陈墨很早就和另一位工作人员来到了会场,她今日的装扮完全是那种录音棚后搬运的工作装,现在已经到了九月,天有点点微微的凉,她穿了工装褐色的衣裤,他们需要做的是在餐桌侧面的房间小控制室连接摄像头,连接那个主宾客席位的收音,借此来判断和播放合适的氛围音乐。当然这个工作本身也是要签署保密协定的。
一开始陈墨不知道来的人会是谁,但当傍晚夜幕低垂以后,宴会厅陆绎来了一些人,陈墨才清楚,在这个两桌宴会厅里来了业界里的一些资方,合作方,几个乐队代表,少数媒体的高层,不是直播也不是访谈,而是看似可以喝酒聊天但是不能录音的场合。
陈墨在外面布线的时候就看到了主宴会桌上有NEBULA乐队四个人的名字......当夜幕低垂的时候,陈墨已经在宴会后面的音乐控制台开始工作,然后从播放台也能看到陆续的宾客们都入场了。
很奇怪,其实才是不久前看到陆屿,但是,今天看到他,她其实是期盼的......这种情绪和感知是骗不了人的了。
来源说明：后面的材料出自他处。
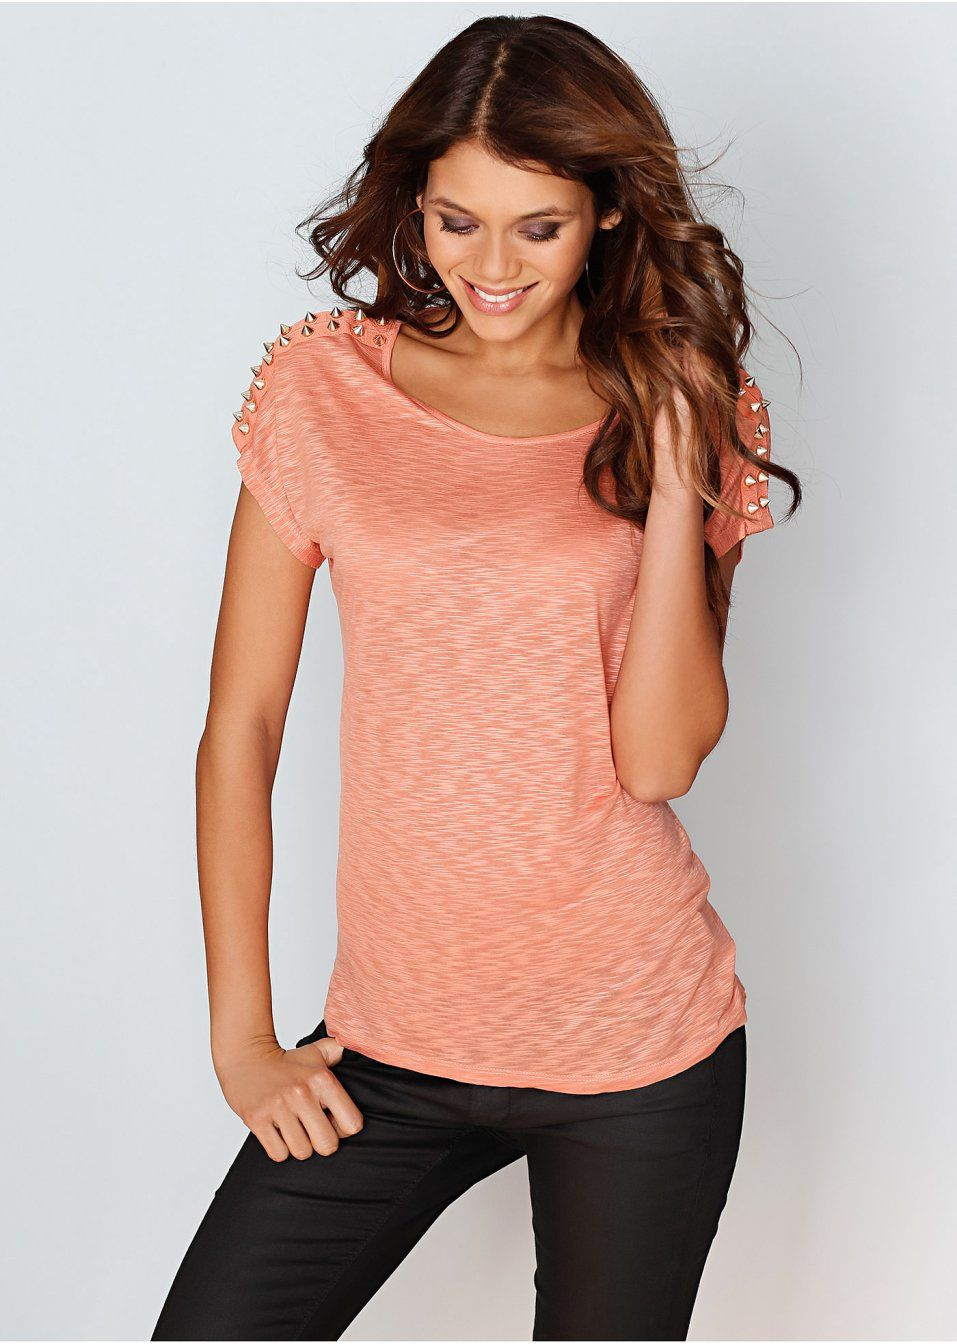 #shirt with #rivets #bonprix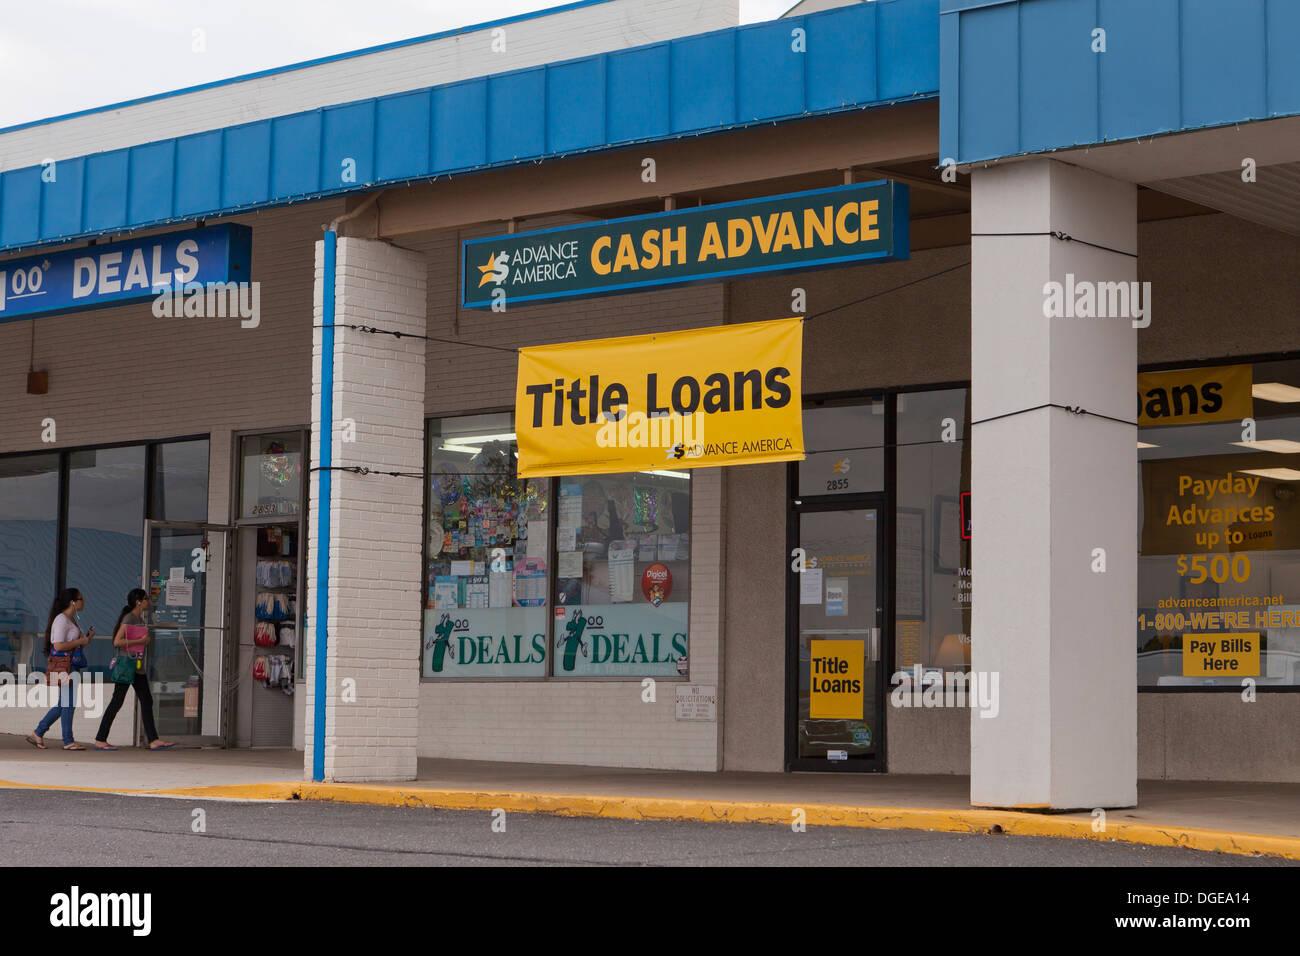 Advance America cash advance title loans storefront - Stock Image

她给他们选了一首轻松的曲子,她一直在纠结要不要发信息告诉他她在幕后,但是她觉得这样好像很刻意......于是她还是在那个控制台坐下来,打算先完成这个工作,如果一会他们很忙,她就不说了......带着这种鸵鸟心态,晚宴几乎就开始了。乐队的其他人,还有那些资方,都来了。然后陈墨看到大家的衣着都很慎重,几乎不亚于发布会,心想这次会面也许对于很多投资商业的角逐也是很重要的一个环节。也因此,陈墨也不意外的在视频里看到了白以舟经纪人,他倒没有入座,而是有点谨慎的站在窗边。这个宴会厅的巨大一角可以看到江景,但是这个场景和陈墨之前在陆屿家透过玻璃看到的江景感受截然不同。
这里是豪华和疏离的。虽然那些夜景本身是绚丽多彩的。但坐在这里的陆屿本人,大概也是不爱但身不由己的,就和她当年......一样。
晚宴开始以后,大家就开始侃侃而谈,但陈墨注意到更多的时候,陆屿都是那种职业性的微笑,和人交流,礼貌,专业,妥善,那目光不是和她在一起那样的调侃,打趣,而是滴水不漏,有时侯他会挡掉资方给江晚晚的过多的敬酒。他喝得不多,但是杯子一直没空着。
陈墨现在知道江晚晚的酒量怎么那么好了。
“这些老头都是得罪不起的人物,即使是盛况空前的NEBULA,也还是必须受制于资本啊。”陈墨身边的工作人员缓缓的感叹。
晚宴进行到后半段,陈墨把音乐稍微调试得热了一些,桌上摆着空酒瓶,就有人开始聊起往事。
投资方里有一个中年男人,姓魏,叫魏权,是做娱乐产业的老资历,头发梳得油亮,说话声音洪亮,坐在主位其一,圈子里的人喊他魏总,笑起来的时候眼睛眯成一条缝,他的手上握着几大平台的几个宣发资源,算是这条产业链上游说得上话的人。但陈墨听身边的工作人员吐槽,这人也是圈子里臭名昭著的那种人。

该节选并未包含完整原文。